§ **What you will do**: Except for the pictures, output the records in full and exactly.

§ **Data for review**:
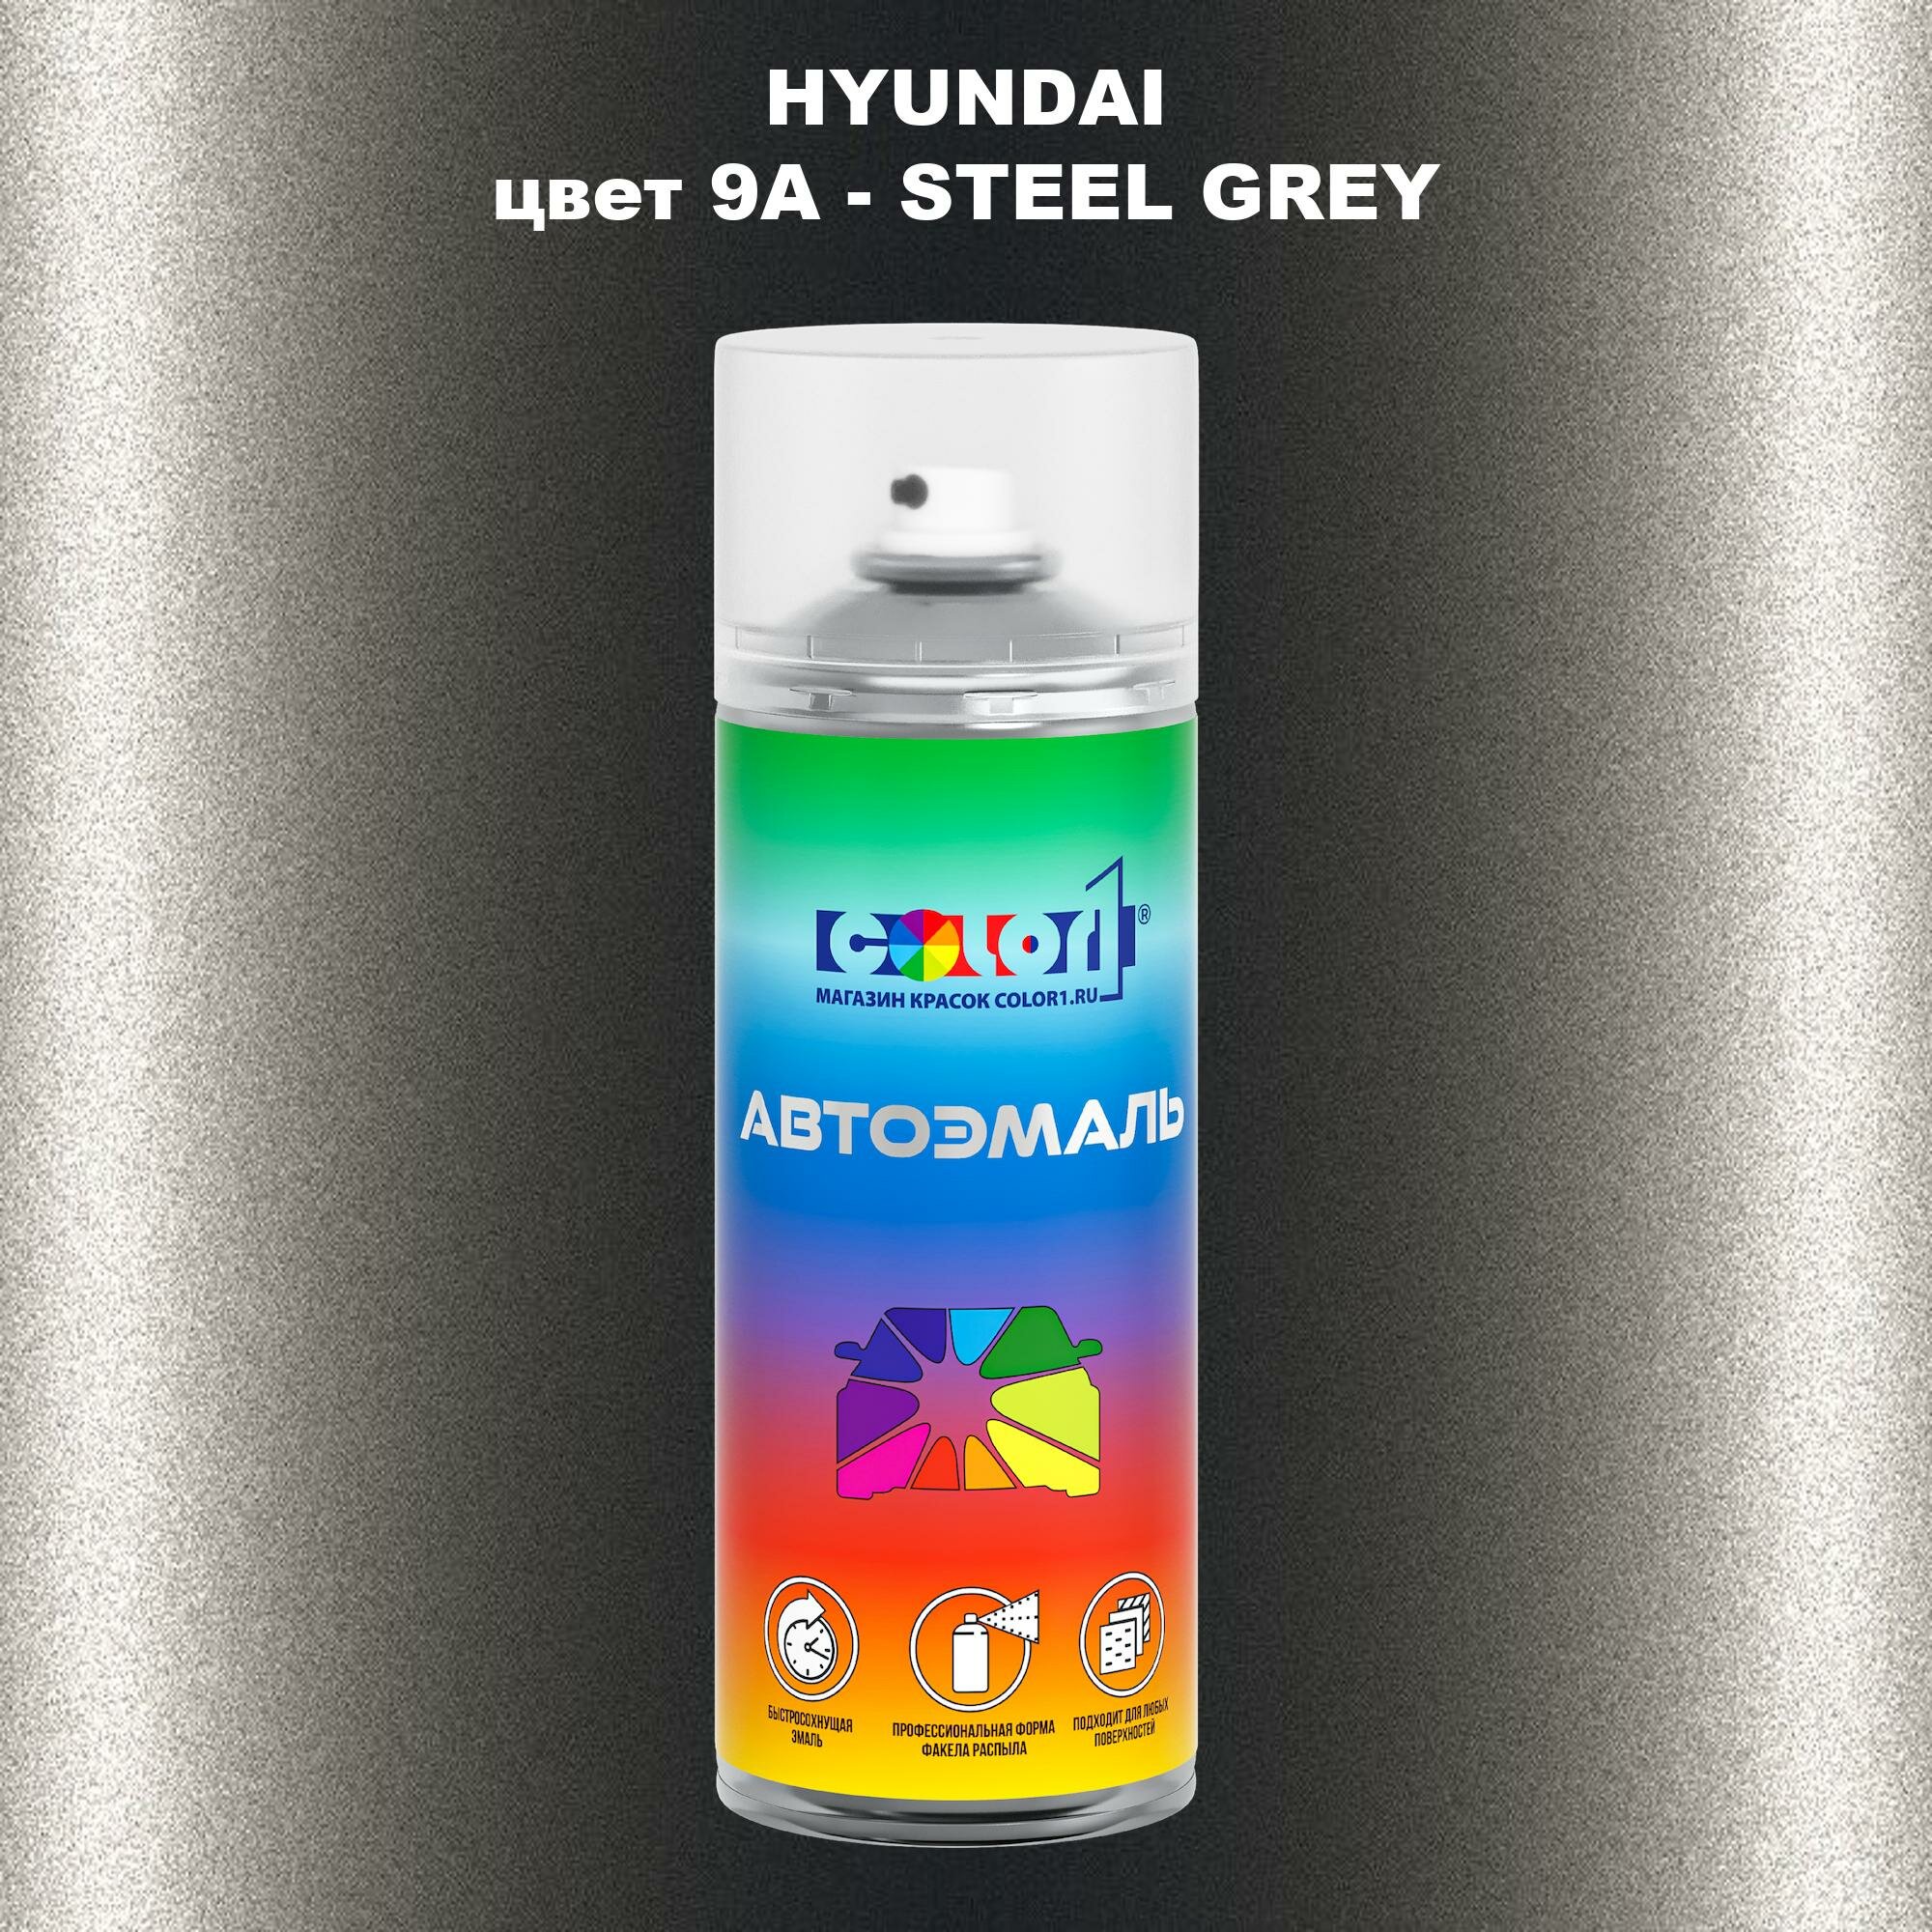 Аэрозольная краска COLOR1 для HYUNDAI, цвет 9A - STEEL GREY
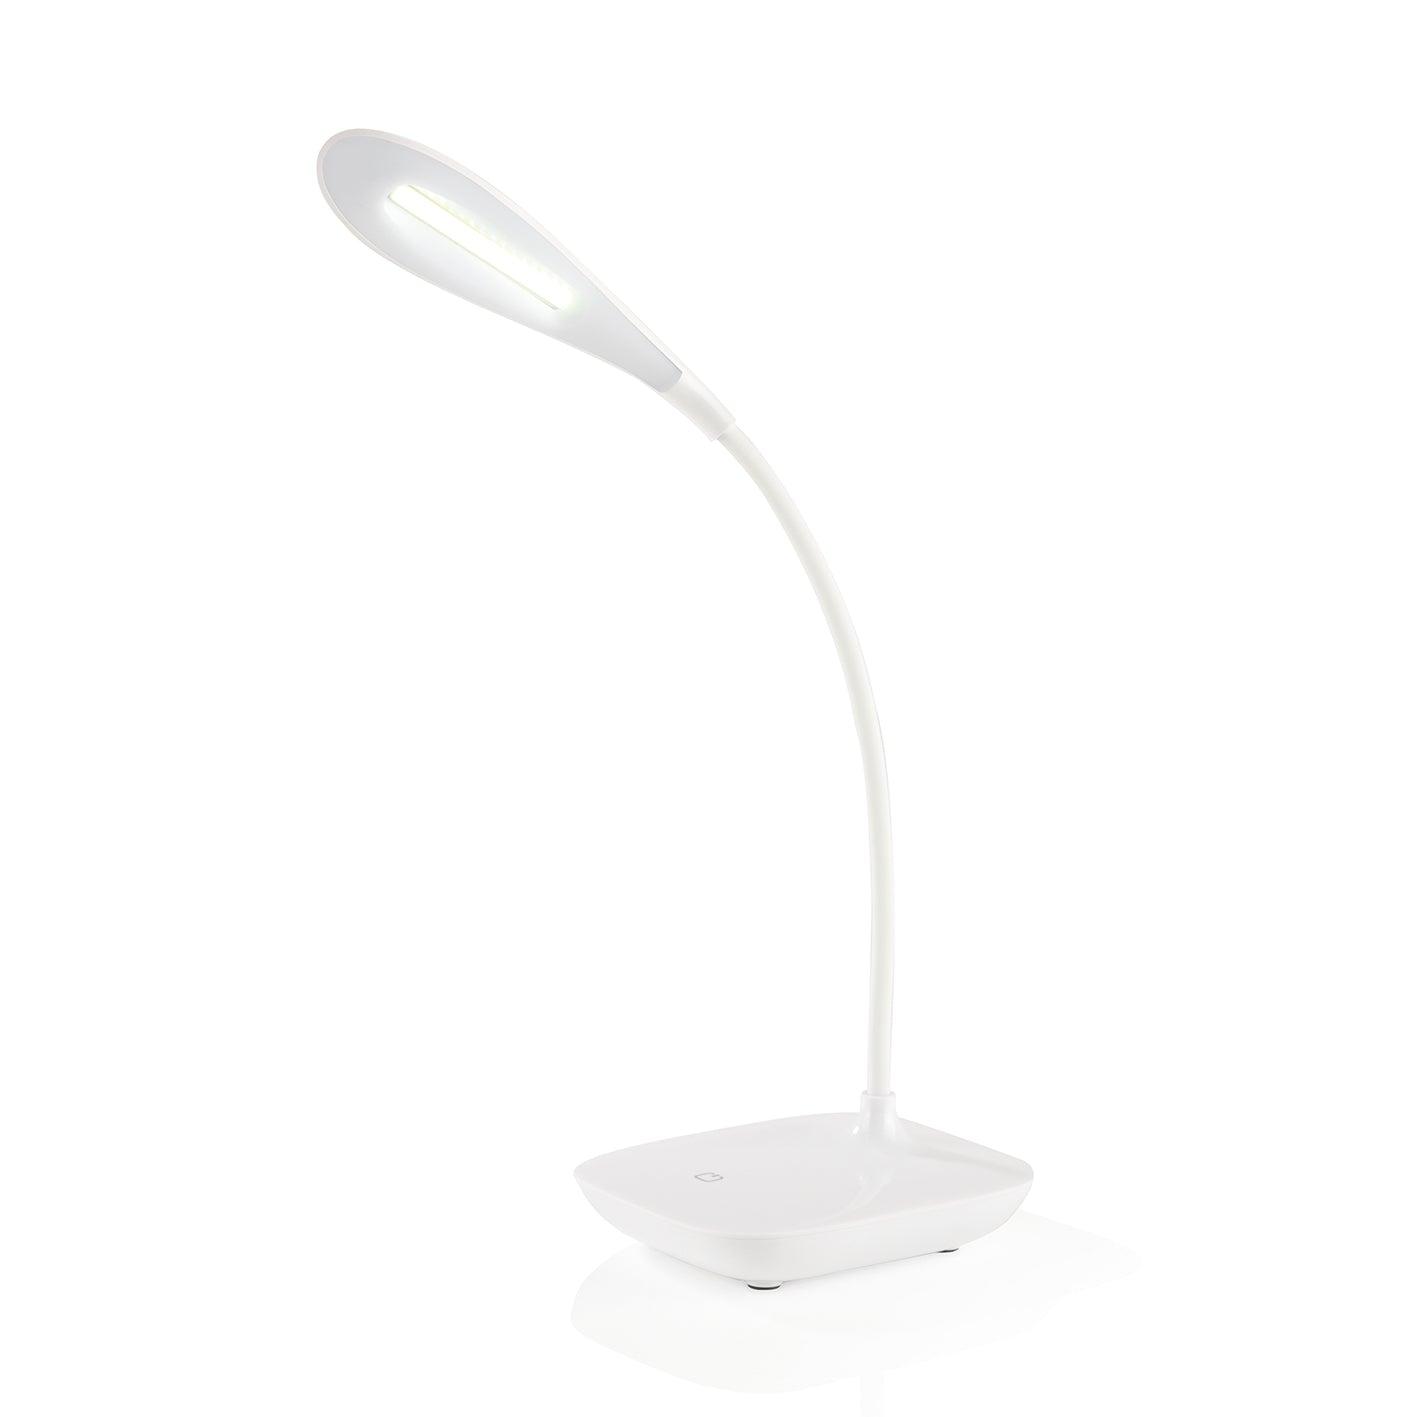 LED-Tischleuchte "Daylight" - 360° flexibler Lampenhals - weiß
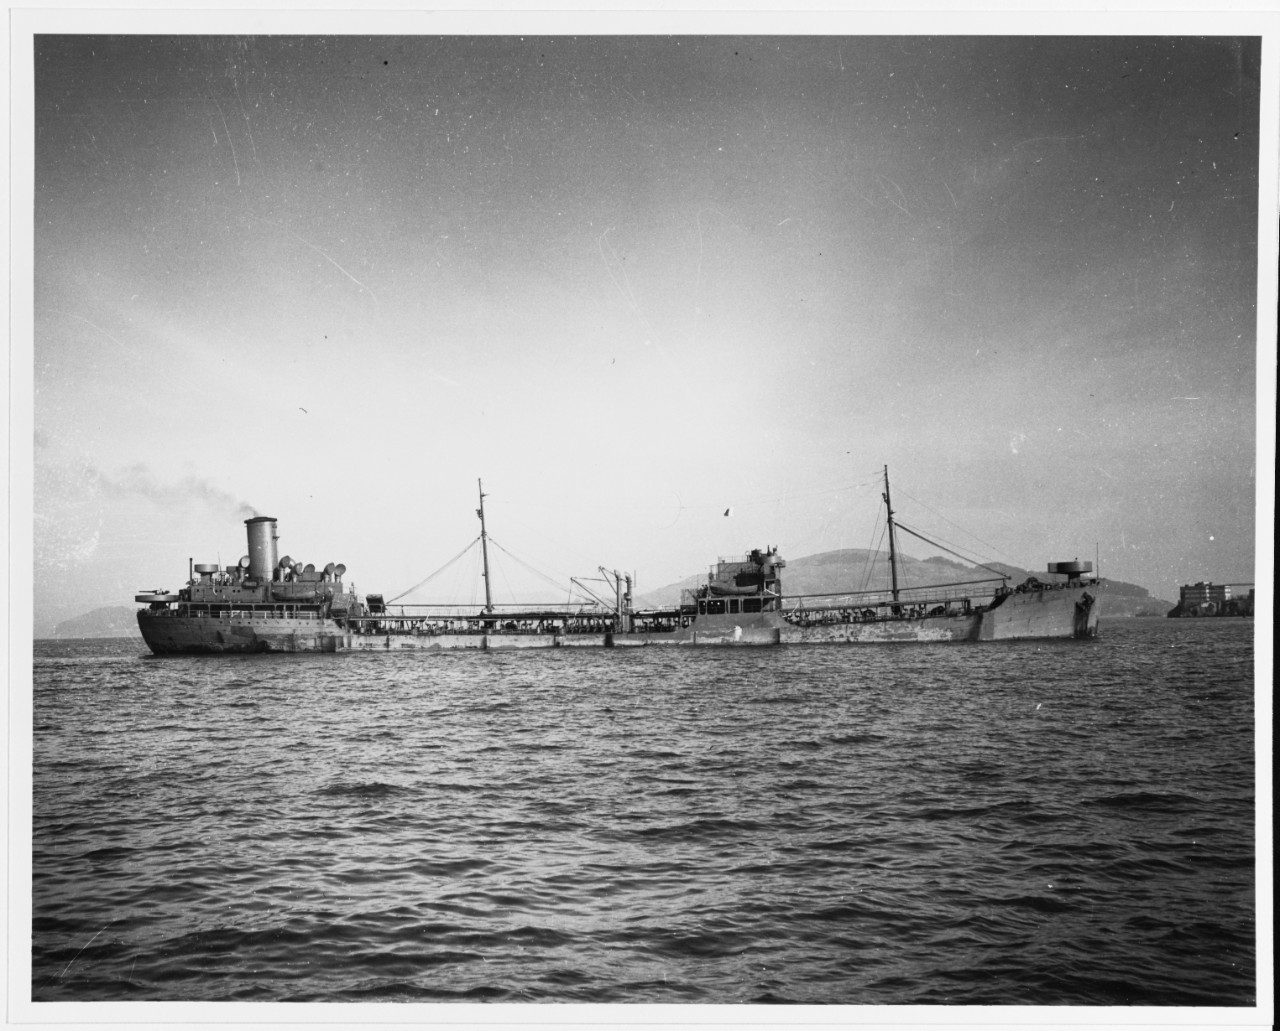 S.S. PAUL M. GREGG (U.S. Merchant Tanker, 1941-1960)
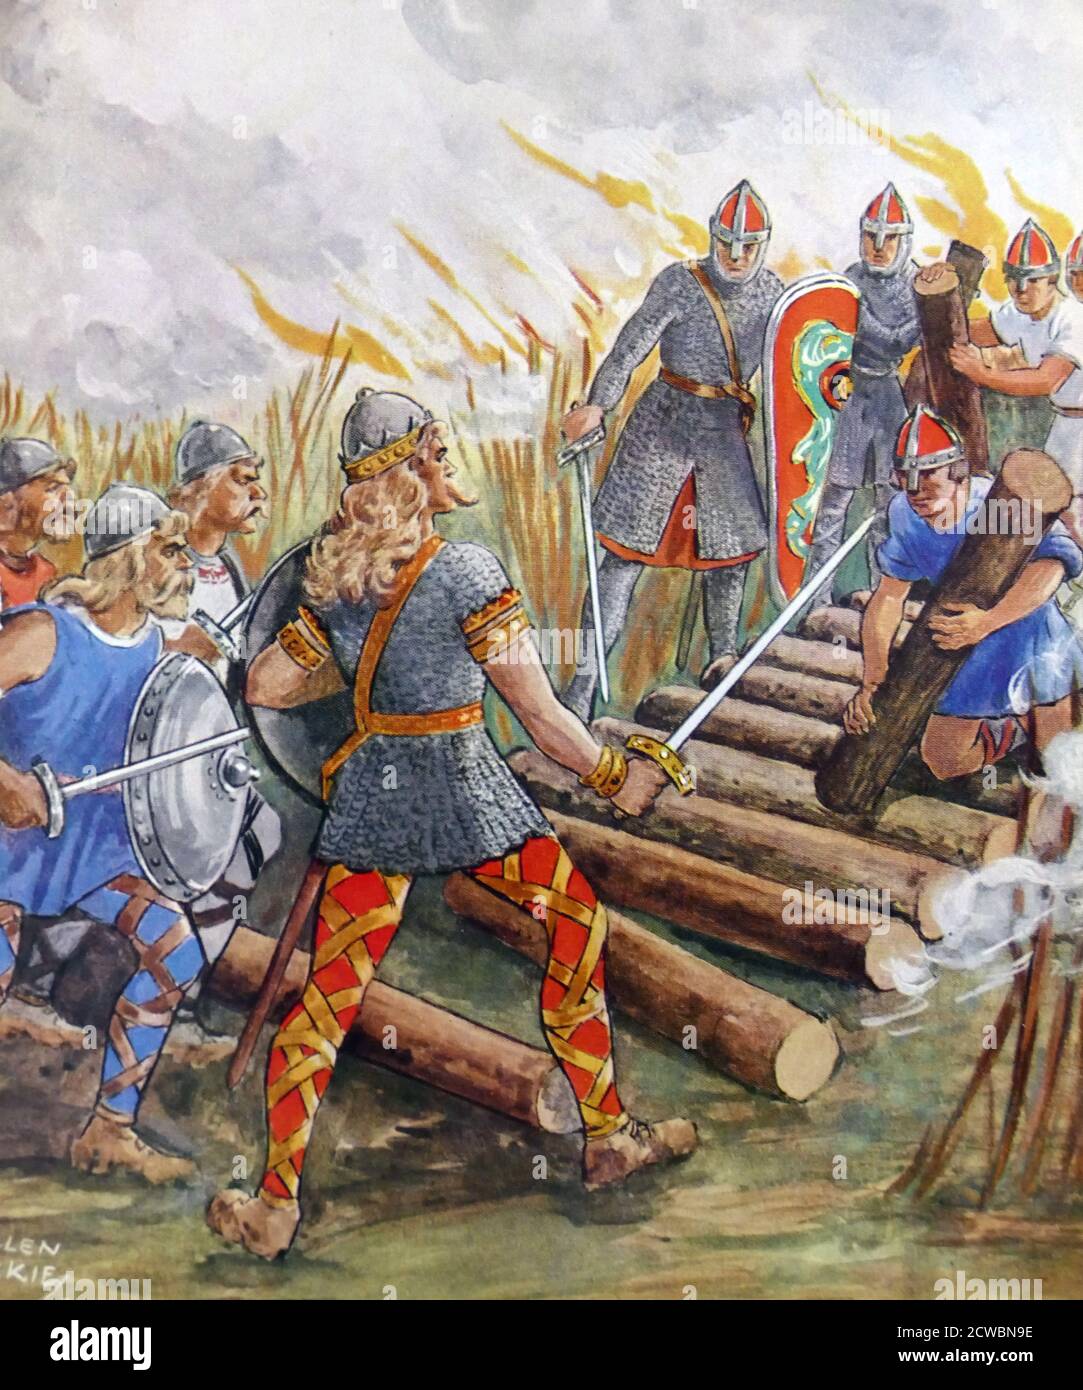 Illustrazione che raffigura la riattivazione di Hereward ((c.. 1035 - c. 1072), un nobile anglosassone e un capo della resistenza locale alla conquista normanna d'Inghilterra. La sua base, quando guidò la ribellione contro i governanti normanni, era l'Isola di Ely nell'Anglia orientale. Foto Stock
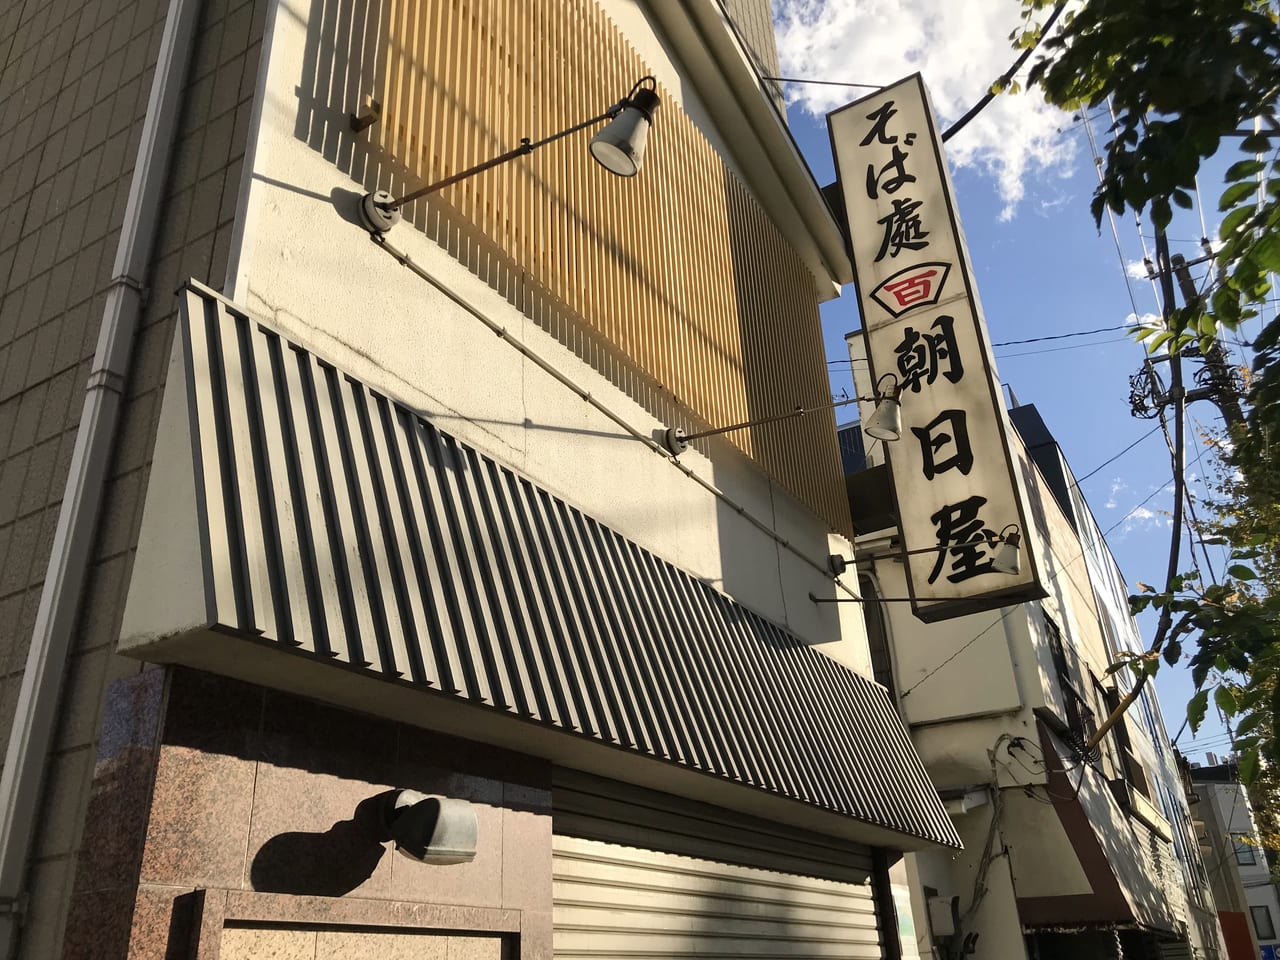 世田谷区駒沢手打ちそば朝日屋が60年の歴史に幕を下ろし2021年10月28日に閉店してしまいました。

§ **Task output**:
 Аэрозольная краска COLOR1 для HYUNDAI, цвет 9A - STEEL GREY
 LED-Tischleuchte "Daylight" - 360° flexibler Lampenhals - weiß
 S.S. PAUL M. GREGG (U.S. Merchant Tanker, 1941-1960)
 Illustrazione che raffigura la riattivazione di Hereward ((c.. 1035 - c. 1072), un nobile anglosassone e un capo della resistenza locale alla conquista normanna d'Inghilterra. La sua base, quando guidò la ribellione contro i governanti normanni, era l'Isola di Ely nell'Anglia orientale. Foto Stock
 世田谷区駒沢手打ちそば朝日屋が60年の歴史に幕を下ろし2021年10月28日に閉店してしまいました。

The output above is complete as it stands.